A novel approach to probabilistic characterisation of neural firing patterns

BACKGROUND The advances in extracellular neural recording techniques result in big data volumes that necessitate fast, reliable, and automatic identification of statistically similar units. This study proposes a single framework yielding a compact set of probabilistic descriptors that characterise the firing patterns of a single unit. NEW METHOD Probabilistic features are estimated from an inter-spike-interval time series, without assumptions about the firing distribution or the stationarity.

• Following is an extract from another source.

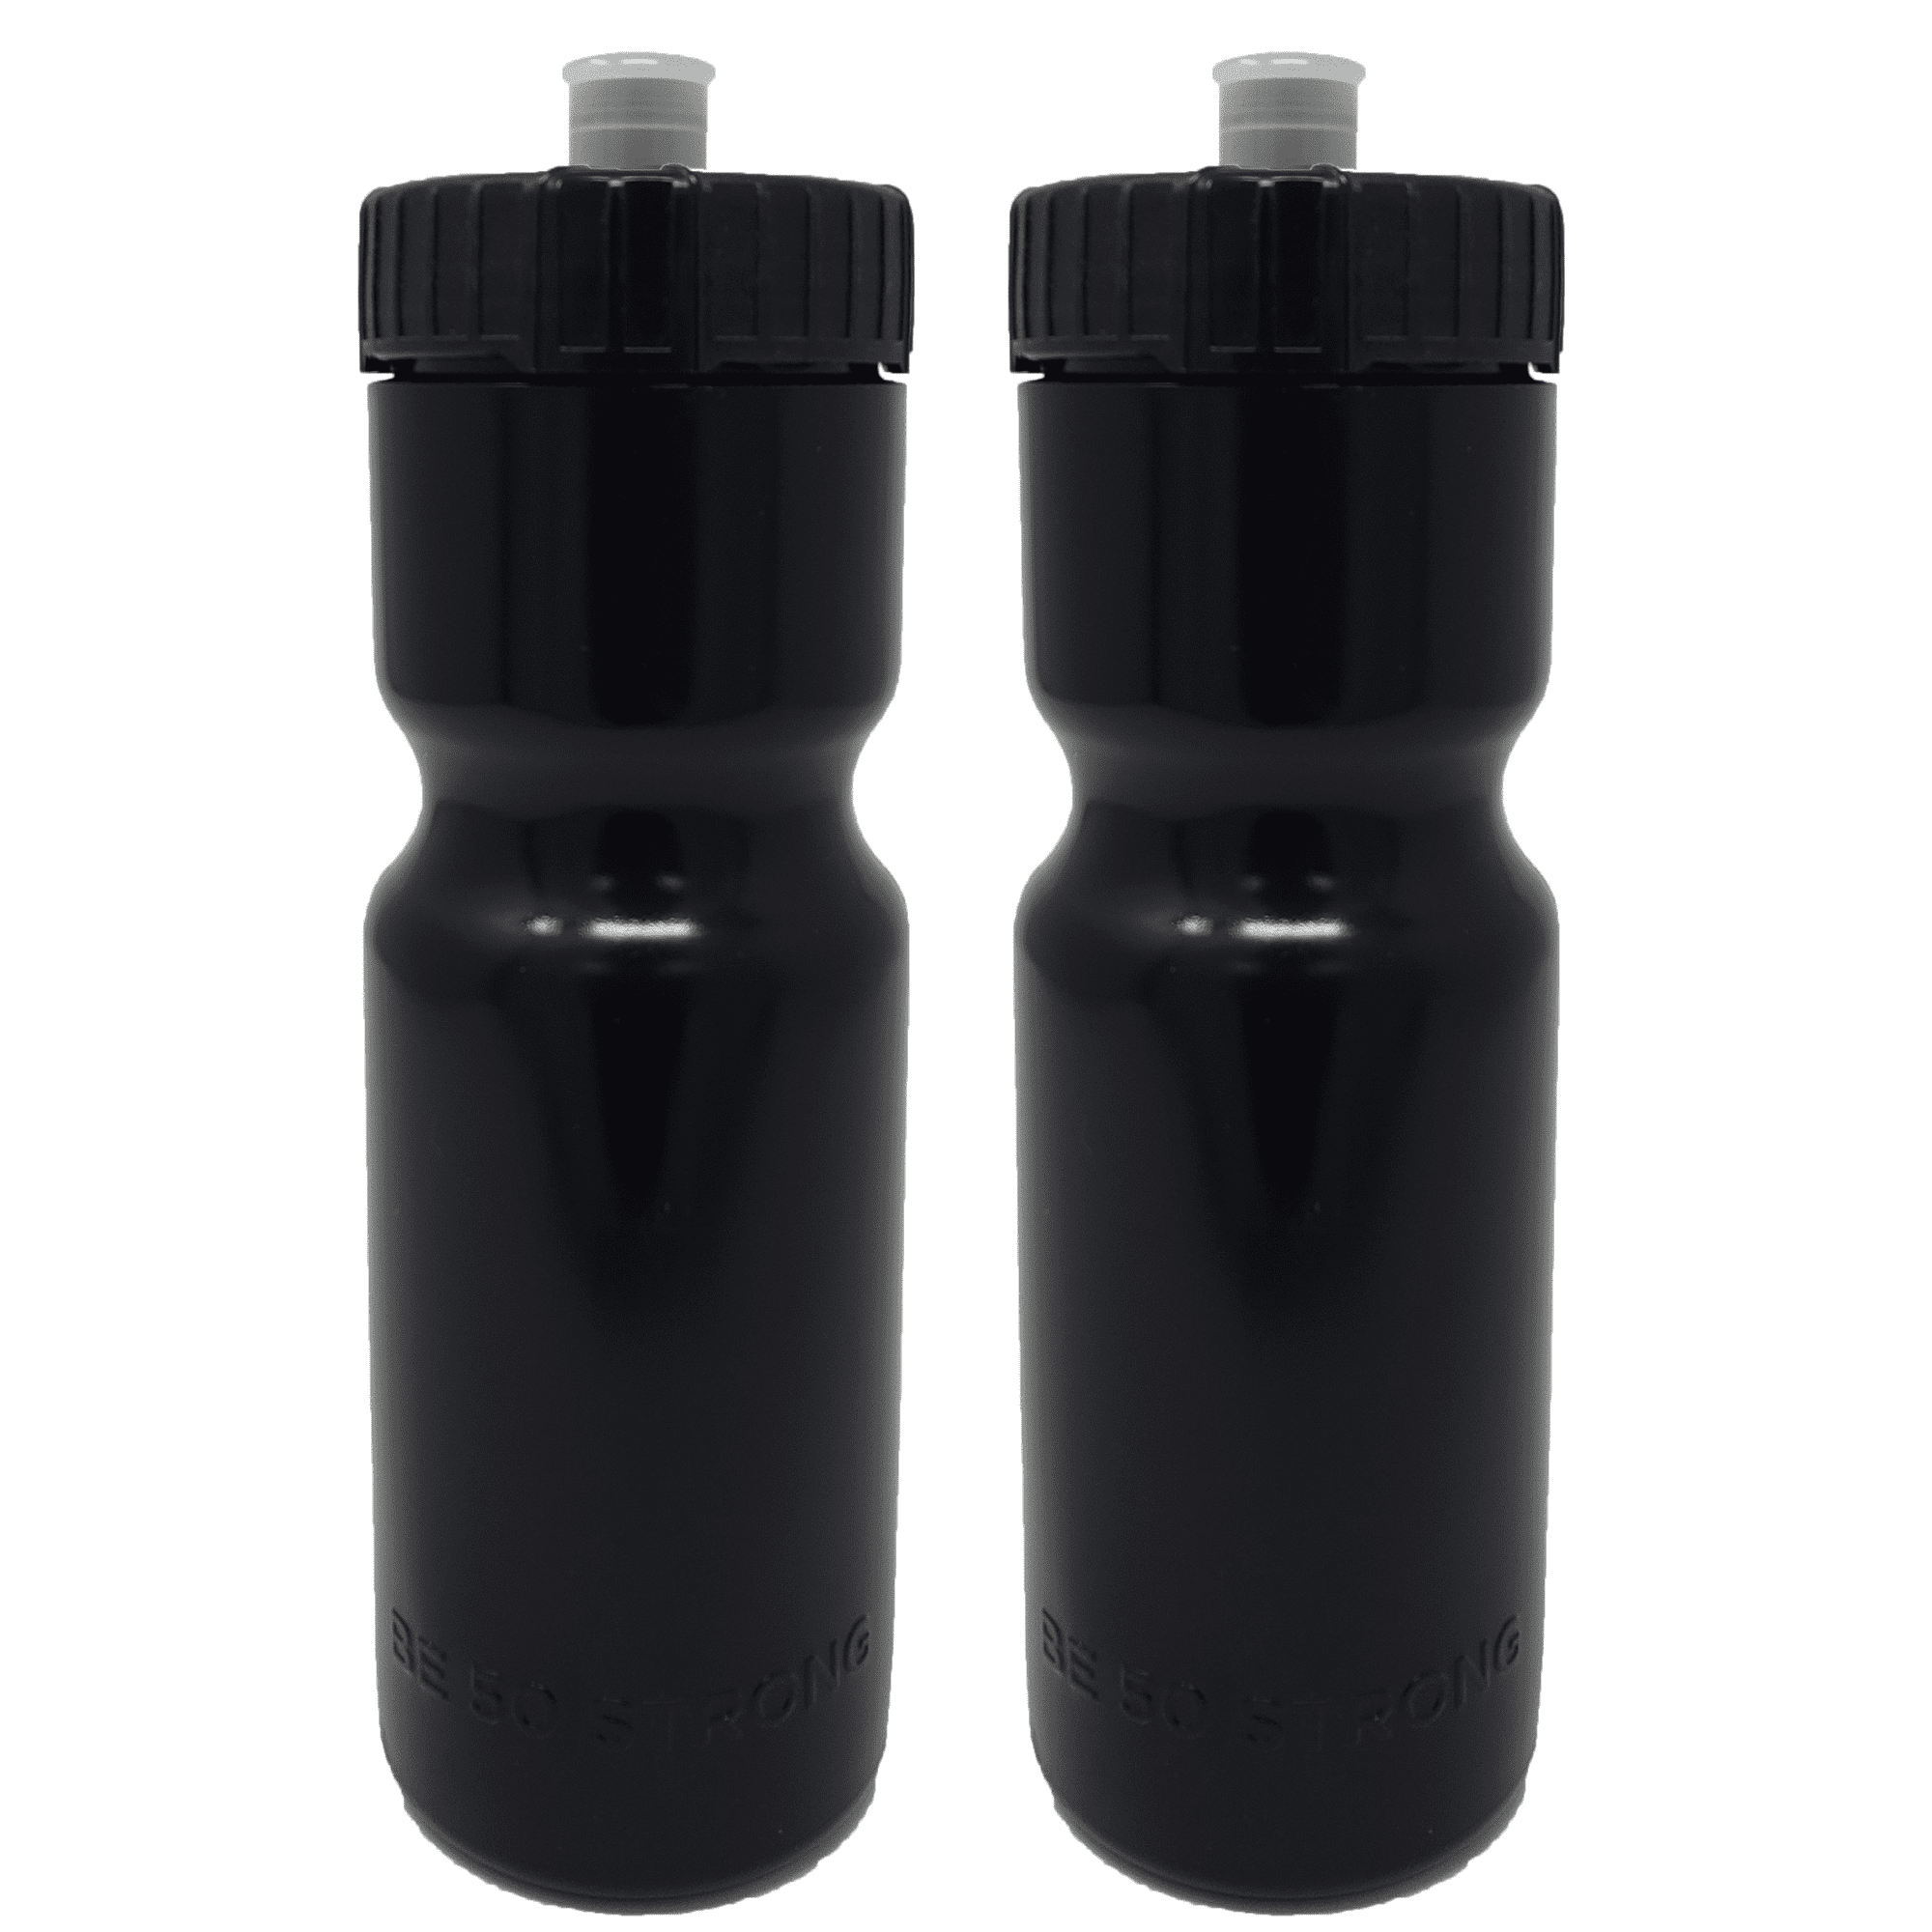 BPA Free Easy Open Push/Pull Cap USA Made Great for Adults & Kids 50 Strong Sports Squeeze Water Bottle 2 Pack Bottles Fit in Bike Cages Top Rack Dishwasher Safe 22 oz
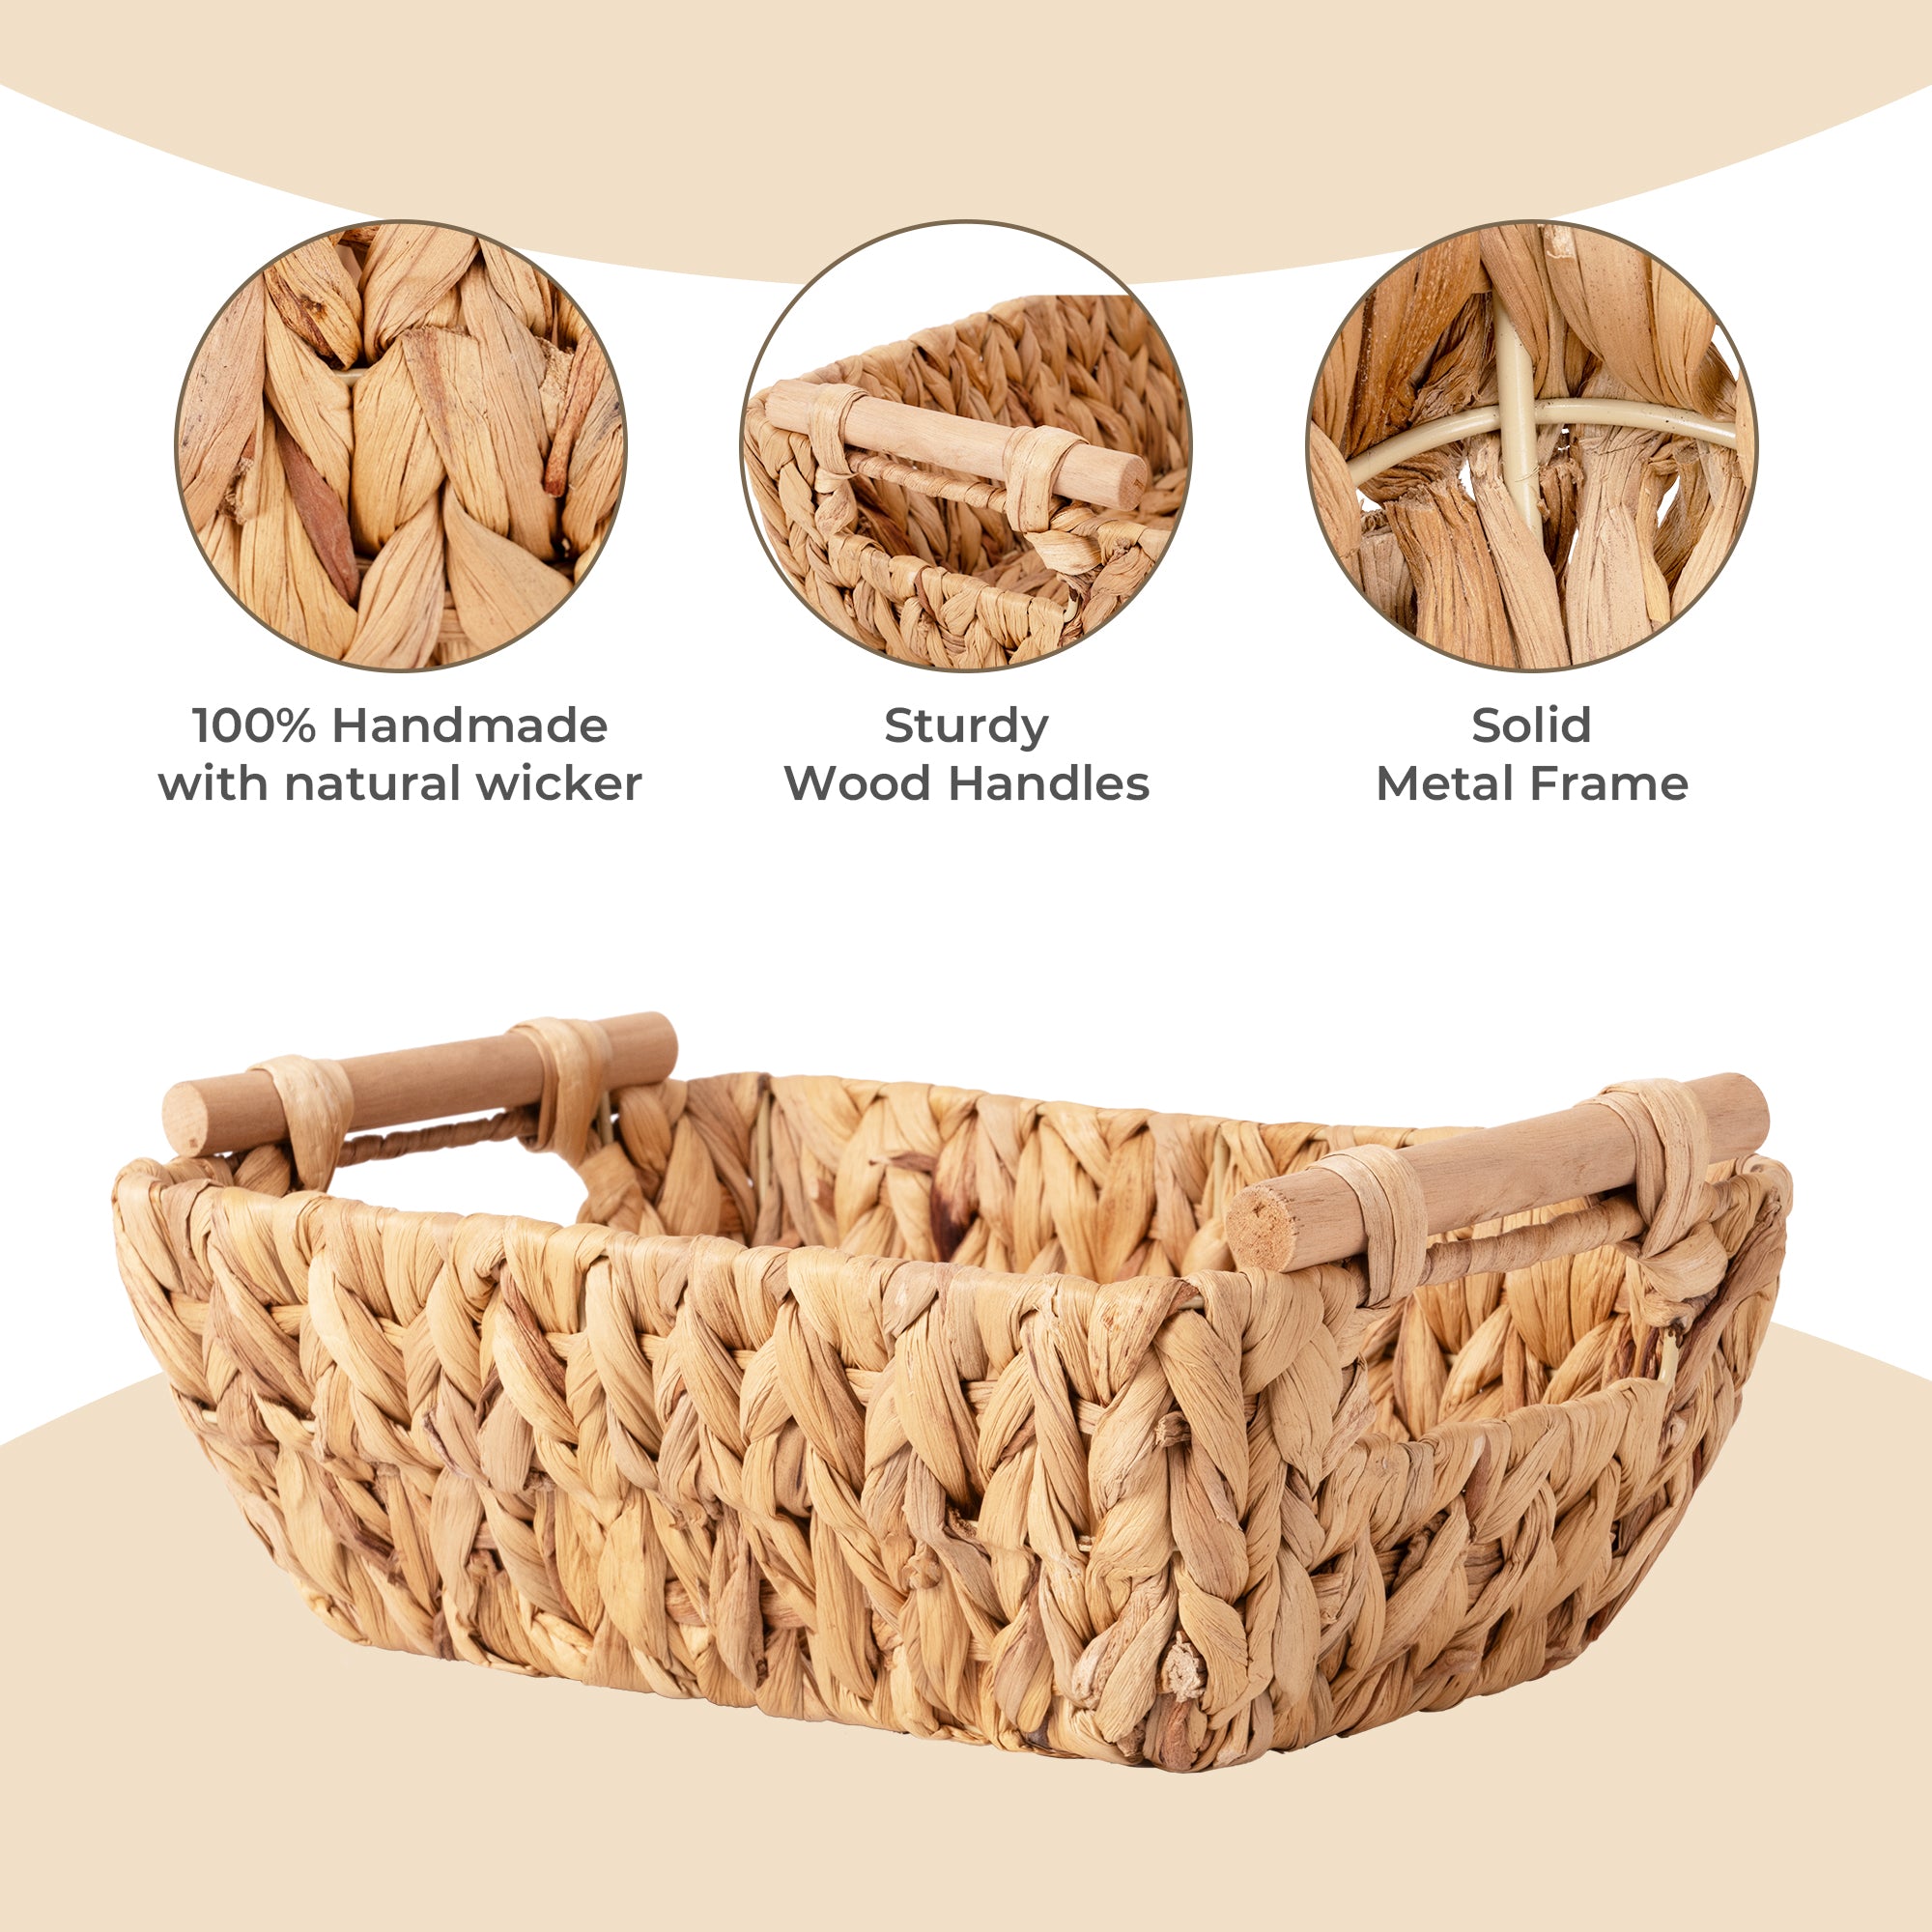 Hand-Woven Small Wicker Baskets with Wooden Handles, 2-pack

The first level of proposed firing patterns decomposition divides the inter-spike intervals into bursting, moderate and idle firing modes, yielding a coarse feature set. The second level identifies the successive bursting spikes, or the spiking acceleration/deceleration in the moderate firing mode, yielding a refined feature set. The features are estimated from simulated data and from experimental recordings from the lateral prefrontal cortex in awake, behaving rhesus monkeys. RESULTS An efficient and stable partitioning of neural units is provided by the ensemble evidence accumulation clustering. The possibility of selecting the number of clusters and choosing among coarse and refined feature sets provides an opportunity to explore and compare different data partitions. CONCLUSIONS The estimation of features, if applied to a single unit, can serve as a tool for the firing analysis, observing either overall spiking activity or the periods of interest in trial-to-trial recordings. If applied to massively parallel recordings, it additionally serves as an input to the clustering procedure, with the potential to compare the functional properties of various brain structures and to link the types of neural cells to the particular behavioural states.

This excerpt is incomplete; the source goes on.